One of the biggest changes to the exterior of the yacht was the side windows. The original boat had twice as many cabin windows in the profile, creating an architectural, but quite busy look. While we didn’t change the overall window layout, we replaced the span of windows with half as many that were twice as long. The change in window shape makes the interior more airy and gives the boat another resto-mod element.
Providing natural ventilation in this resto-mod alteration became a challenge, as the long, narrow windows do not open. We searched among window vendors around the world for an opening port that would be truly frameless from the outside. We contemplated developing a custom opening window, but the units we found from Bomar were ideal and CE-certified. The final look is perfect—just a glass-to-glass shut line that blends seamlessly.
One of the biggest challenges in moving the engine room 20 feet and filling the boat with more horsepower was getting enough air moving through the engine room to keep the machinery cool. On the original Avocette III, the smaller engines didn’t need as much air as the new Volvo Penta IPS engines do. Small deck cowls took in sufficient air for the original engines, and I doubt that much attention was paid to the temperature of the space as it related to engine performance back in 1931.


With today’s high-horsepower engines under the aft deck, it was difficult to fit air vents on the hullsides at the point of lowest freeboard and highest splash. And there’s no cabin structure aft to hide air boxes. What to do?
Design challenges drive innovative solutions, and this was no exception. We proposed an on-deck air plenum that was integrated entirely into the wide step connecting the aft deck and the sun lounge.
This addition accomplished a number of good things. Moving the air intakes inboard virtually eliminates salt spray from even touching the intake grates. The intake is higher than the hullsides, further removing it from seawater. And it disappears into the step, so it doesn’t disrupt the classic lines of the original boat.
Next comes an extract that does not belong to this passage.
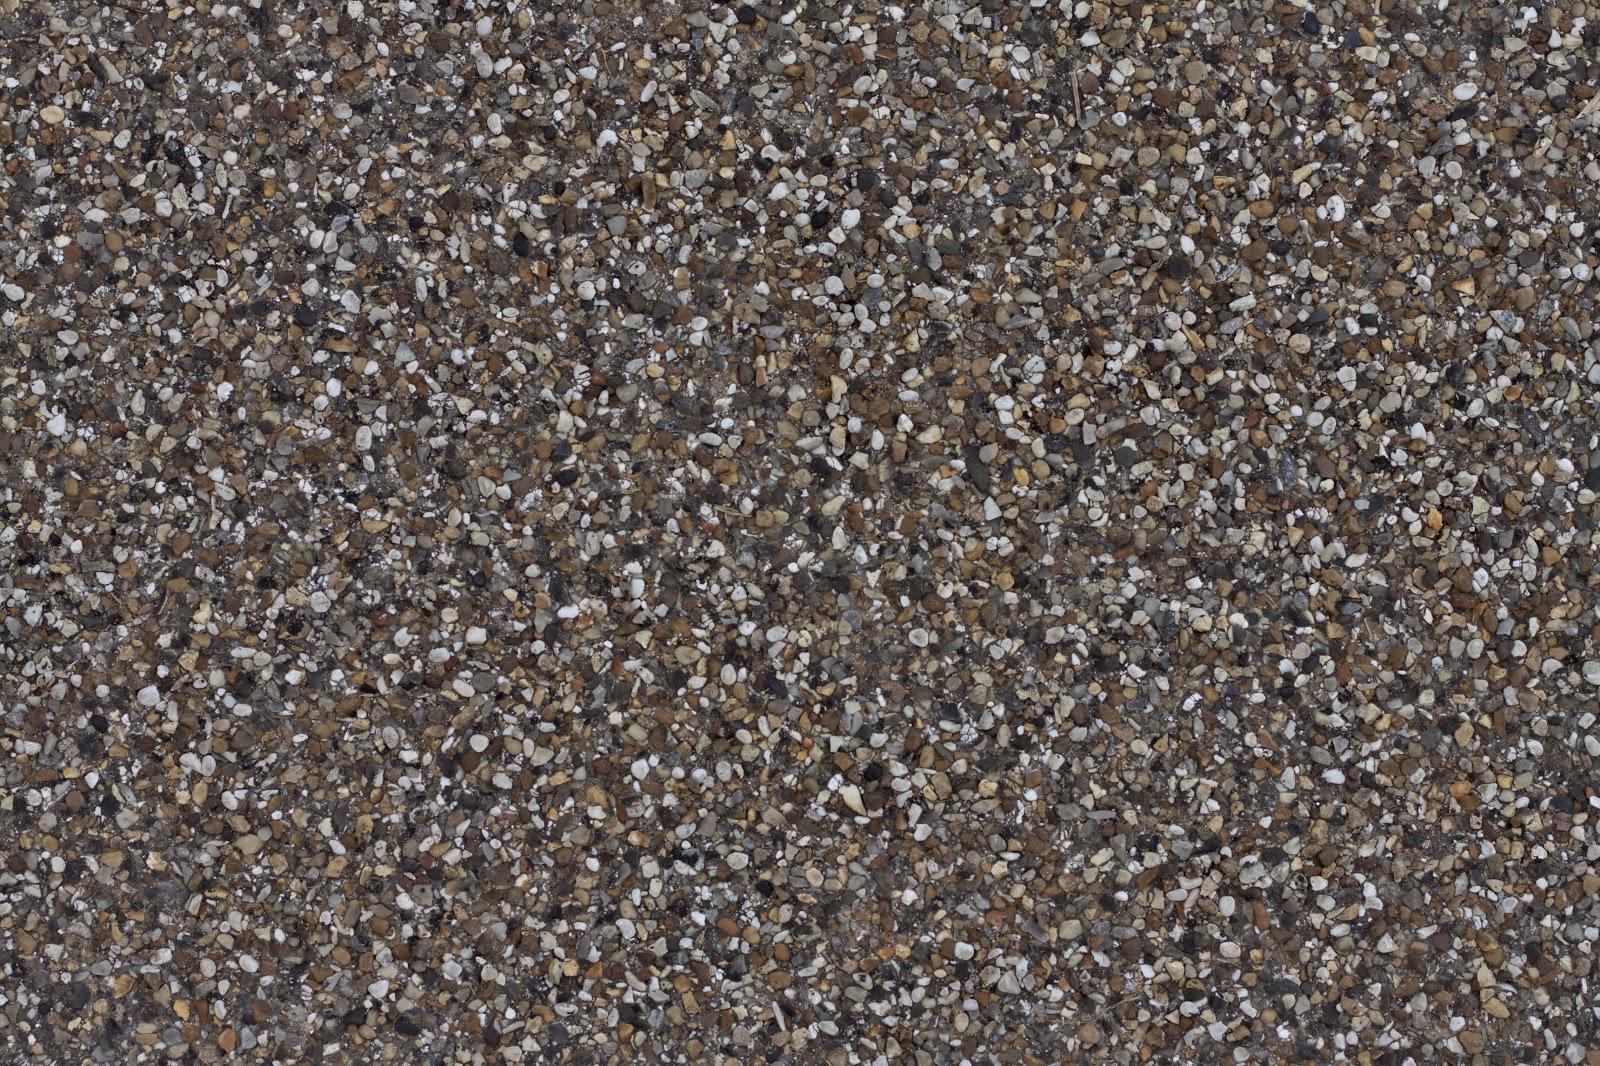 Pebblestone cobble ground gravel floor walkway texture ver 1

The solution works great and looks great.
The elegant mast solved another design challenge. We needed to mount all the necessary modern electronics aloft, but we didn’t want to emphasize them. Badges on the antennae were removed, and the bodies were painted black. Then, the antennas were mounted atop what looks like a mahogany mast. In reality, the mast is welded aluminum, and it is hollow to conceal the cables. It is hinged at the deck to drop down easily should the boat be transported by truck for seasonal relocations. The faux wood-grain paint is indistinguishable from the real wood found all around the mast.

One final paint detail is particularly resto-mod. While most traditional yachts adhere slavishly to the gold cove stripe below the sheer, we took the opportunity to do something unique. My friend Ray Drea is the stylist at Harley-Davidson, and a world-class painter. Ray flew to Maine from Milwaukee to hand-paint the cove stripe in red against the glossy black hull. It’s a cool detail, and it makes for a great conversation piece.
After three years of work, Avocette III has been given a second chance at life thanks to the passion and support of her owner, as well as the skill of the crew at Yachting Solutions. The boat is different now, to be sure, but better in many ways. I hope Frank Huckins, her original builder, and Fred Voges, her owner of 50 years, would approve of what we’ve done to the boat. I’d like to think they would.